Ce magistrat a rendu compte des plaidoiries dans le délibéré de la Cour, composée de :
Madame Elisabeth TOULOUSE, Présidente de chambre
Madame Catherine OUVREL, Conseillère
Madame Fabienne ALLARD, Conseillère
Greffier lors des débats : Madame Céline LITTERI.
Les parties ont été avisées que le prononcé de la décision aurait lieu par mise à disposition au greffe le 03 Mars 2026.
ARRÊT
Contradictoire,
Prononcé par mise à disposition au greffe le 03 Mars 2026
Signé par Madame Elisabeth TOULOUSE, Présidente de chambre et Madame Céline LITTERI, greffier auquel la minute de la décision a été remise par le magistrat signataire.
***
EXPOSÉ DU LITIGE
Faits et Procédure :
Le 27 novembre 2015, M. [F] [X] a acheté deux moteurs de la marque Mercrusier pour une valeur totale de 18 000 euros, auprès de la Sarl Meca-Man ; ceux-ci ont été montés par la Sarl Brest Marines Services sur son navire.
Après réception le 15 décembre 2015, des désordres sont apparus à l'automne 2016 après deux essais en mer.

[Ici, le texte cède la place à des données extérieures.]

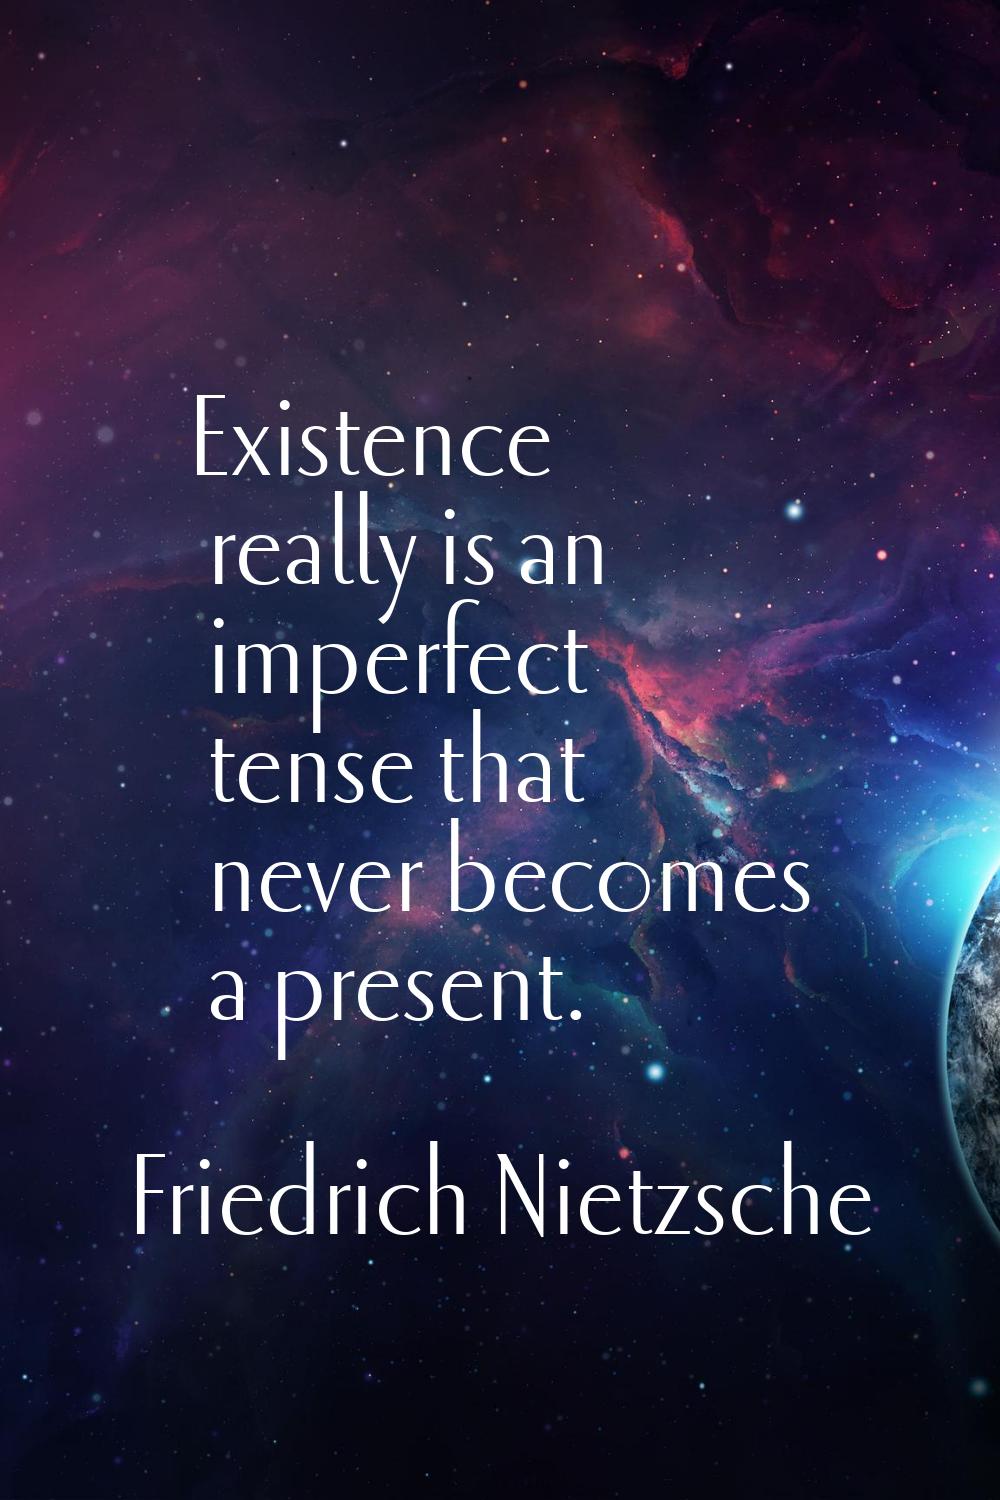 Existence really is an imperfect tense that never becomes a present.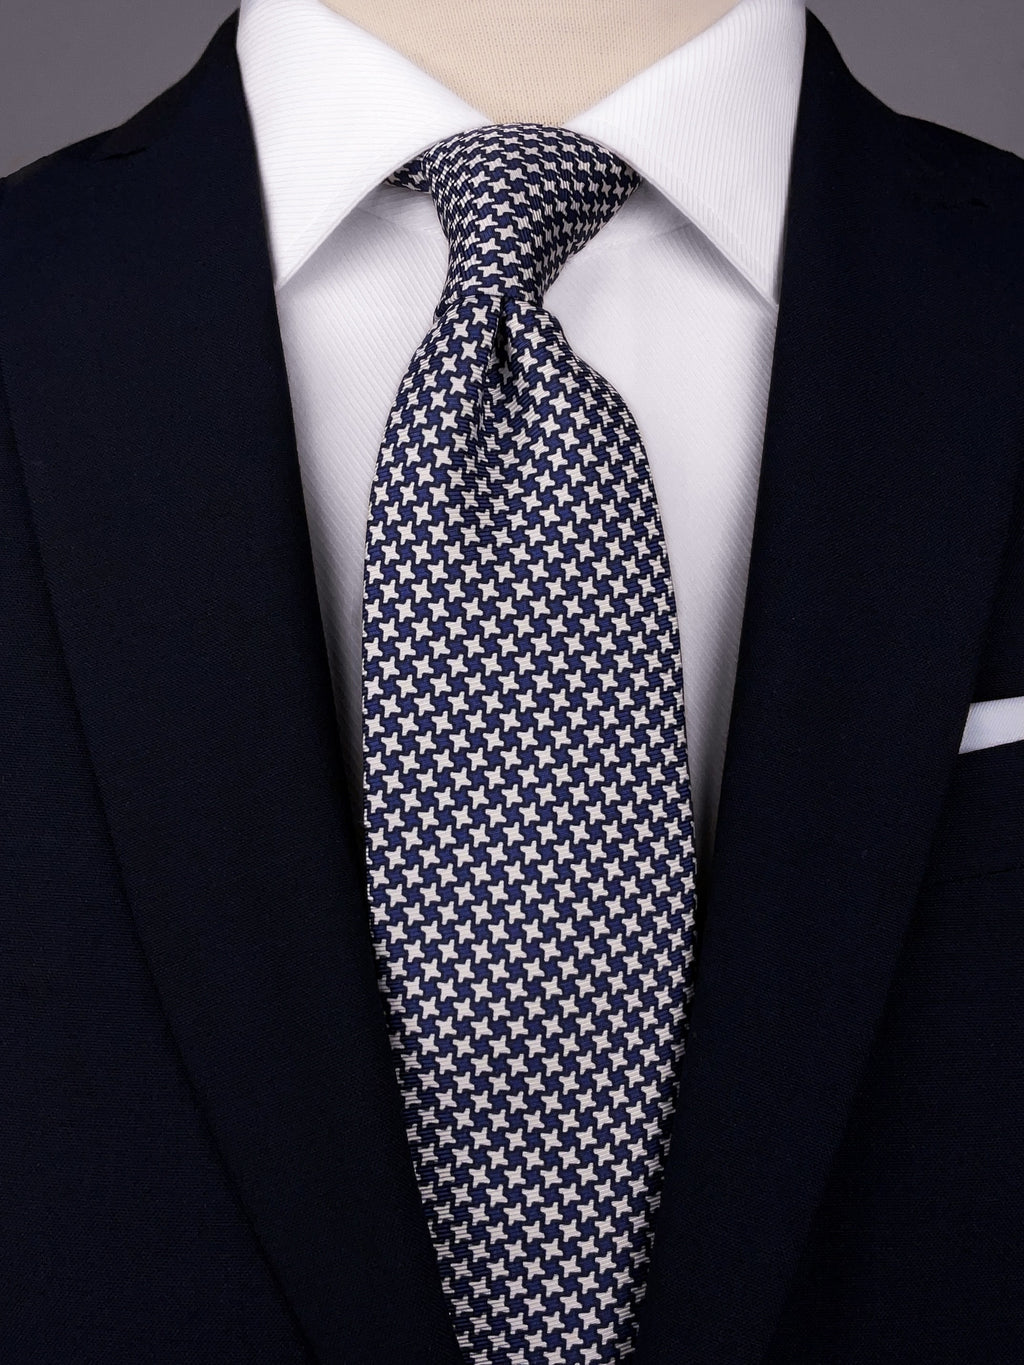 Blue and White Houndstooth silk tie worn with a white shirt and a navy blue suit

La dépose du moteur tribord a eu lieu le 8 mars 2017, permettant à M. [Q], expert mandaté par la compagnie d'assurance de M. [X], de rendre un rapport d'expertise extrajudiciaire le 15 mars suivant, et de constater plusieurs désordres nécessitant le remplacement de différentes pièces.
Deux autres rapports d'expertise extrajudiciaire ont été rendus en date des 11 mai et 2 juin 2017, concluant de nouveau à l'existence de plusieurs dysfonctionnements sur le moteur tribord.
Le 1er août 2017, M. [X] a fait établir un devis de réparation du moteur dysfonctionnant par la Sarl Brest Marines Services, qu'il a ensuite transmis à la Sarl Meca-Man par courrier du 1er août 2017.
Après plusieurs échanges de courriels, la Sarl Meca-Man a refusé de prendre en charge les travaux de remise en état du moteur et M. [X] a fait procéder lui-même aux réparations.
En mars 2017, des dysfonctionnements similaires ont été constatés sur le moteur bâbord et trois réunions expertales contradictoires ont été tenues en date des 7, 8 novembre et 21 décembre 2017, à l'initiative de l'expert mandaté par la compagnie d'assurance de M. [X].
M. [X] a de nouveau mis en demeure la Sarl Meca-Man de l'indemniser au titre des nombreux dysfonctionnements affectant les moteurs vendus.
En l'absence d'accord amiable, et par assignation délivrée 26 février 2019, M. [X] a fait citer la Sarl Meca-Man devant le tribunal judiciaire de Toulon, aux fins d'obtenir sa condamnation à la restitution de la somme de 13 521,72 euros correspondant aux frais de remise en état du moteur tribord, ainsi que celle de 15 265,75 euros pour la remise en état du moteur bâbord sur
-3-
le fondement de l'article 1641 du code civil, outre la somme de 12 800 euros au titre de son préjudice de jouissance et la somme de 3 000 euros au visa de l'article 700 du code de procédure civile, outre les dépens en ceux compris les frais de l'expertise amiable.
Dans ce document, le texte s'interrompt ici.